Member of the National Assembly
- In office 14 May 2010 – 5 May 2014

Personal details
- Born: 1961 (age 64–65) Keszthely, Hungary
- Party: Fidesz (since 2002) KDNP (since 2005)
- Profession: agronomist, politician

= Tamás Sáringer-Kenyeres =

Hungarian politician

Tamás Sáringer-Kenyeres (born 1961) is a Hungarian agronomist and politician, member of the National Assembly (MP) from Fidesz–KDNP Zala County Regional List between 2010 and 2014.

==Work experience==
He was born in Keszthely as the third child of Gyula Sáringer, professor of the Institute for Plant Protection and Department of Entomology in the Georgikon Faculty of the University of Pannonia, and Mária Kenyeres, plant protection product engineer.

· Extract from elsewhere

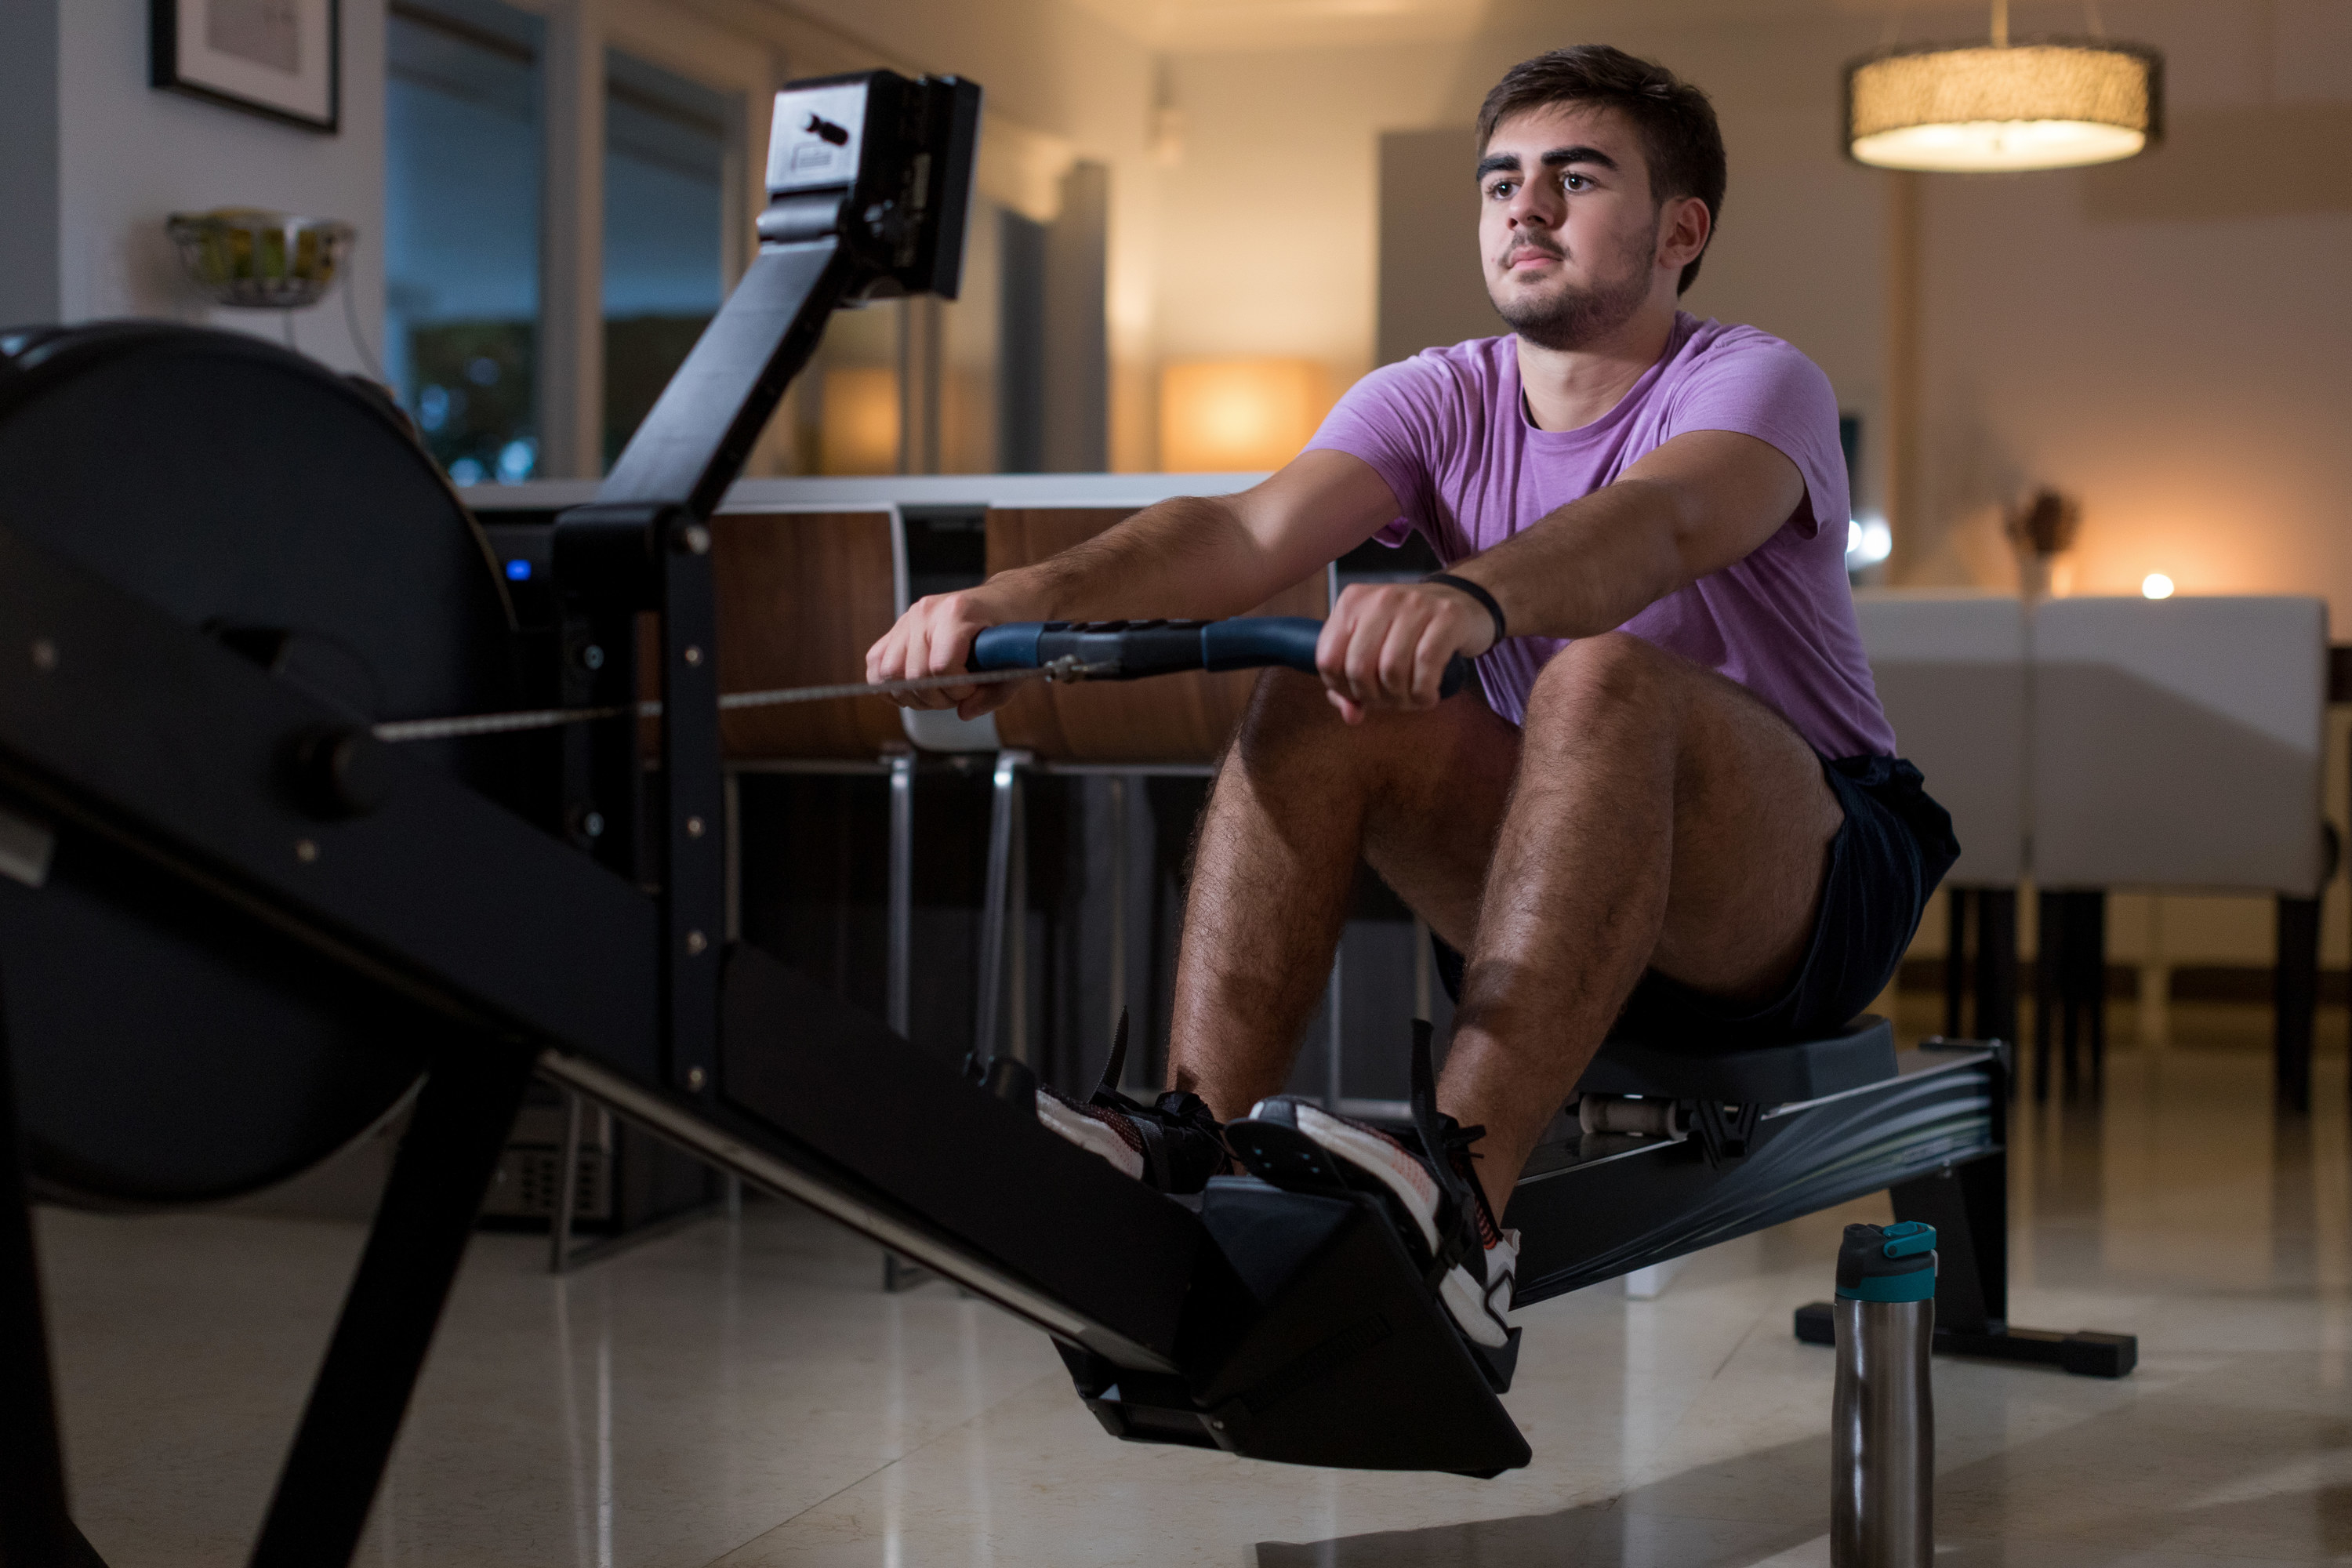 A man uses a rowing machine in his apartment
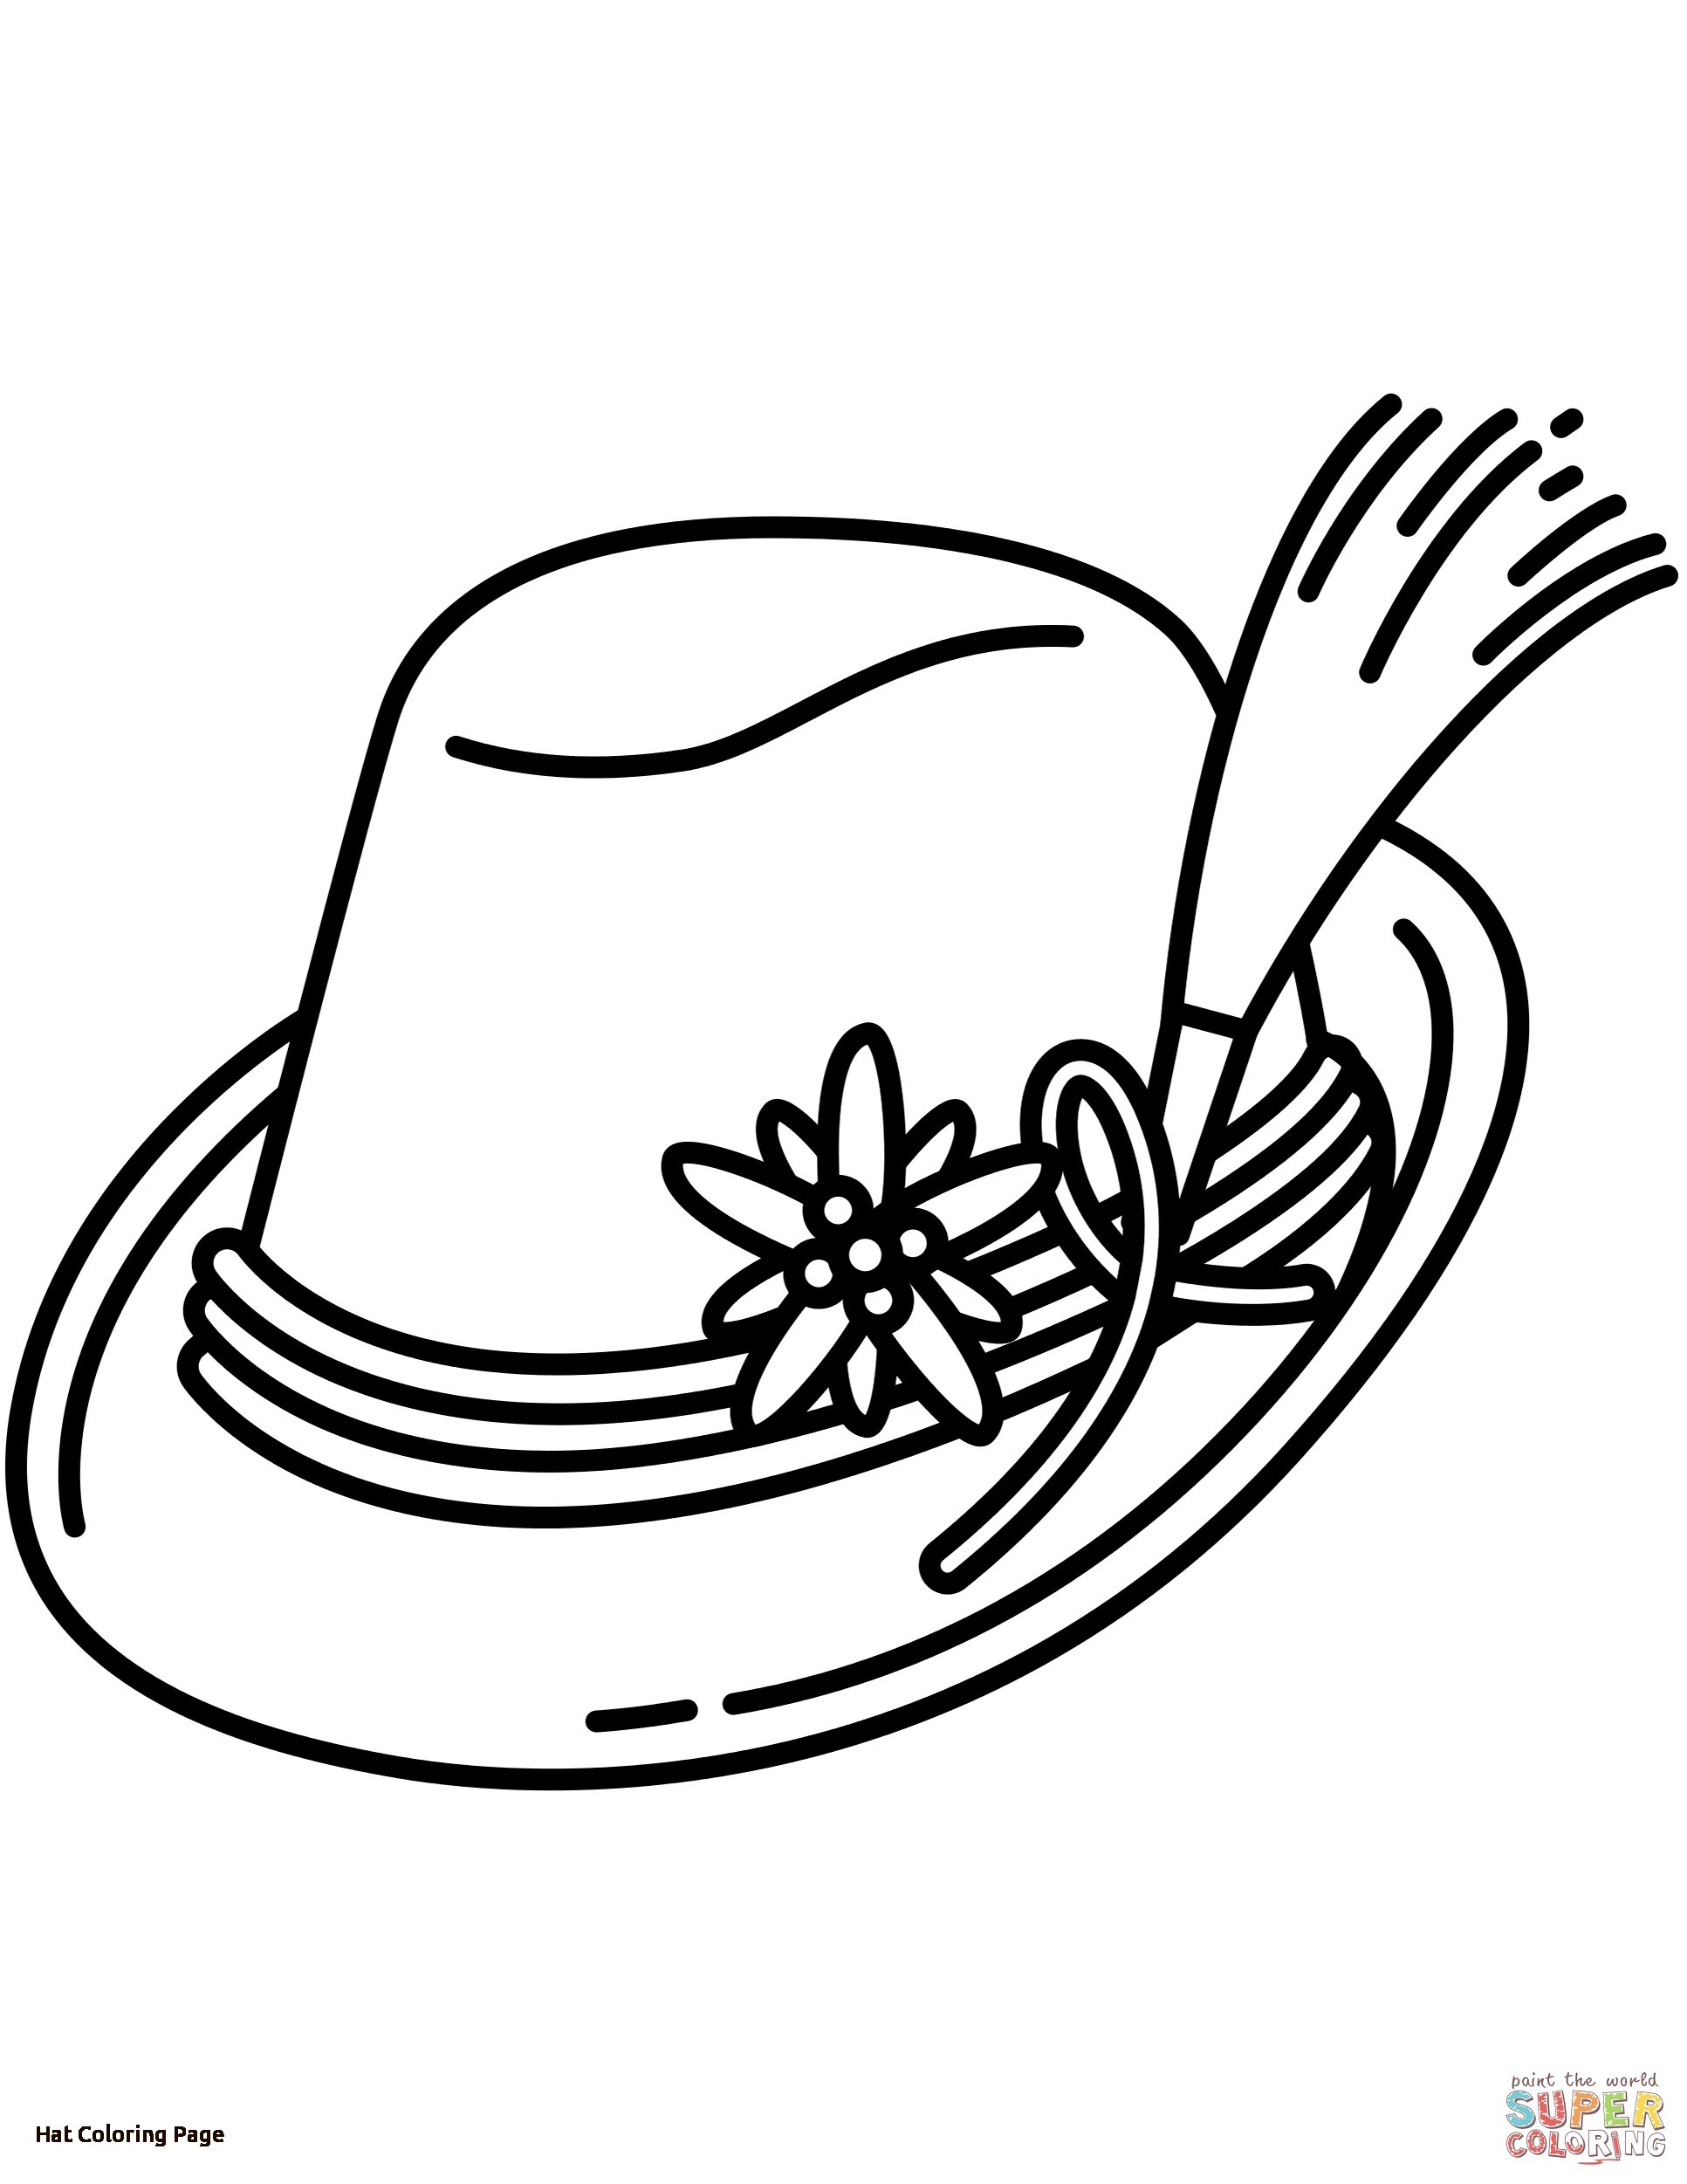 Sun Hat Coloring Page at GetColorings.com | Free printable colorings

Sáringer-Kenyeres graduated as agronomist in 1986 and as agro-chemical engineer in 1990 from the University of Pannonia. He worked for the Hőgyész State Farm for six years since 1986 and Nagybajom Agricultural Co between 1988 and 1992. He was a regional representative of DuPont de Nemours Ltd. in Southern Transdanubia for eight years. He founded his own businesses in 1999.

==Political career==
Sáringer-Kenyeres began his political career in 2002, when he became mayoral candidate of Fidesz in Keszthely during the 2002 local elections. He joined the party after the elections and became a member of the Cultural Board. He joined Keszthely branch of the Christian Democratic People's Party (KDNP) in 2005 and elected its chairman in 2006.

He was elected a member of the General Assembly of Zala County in the 2006 local elections.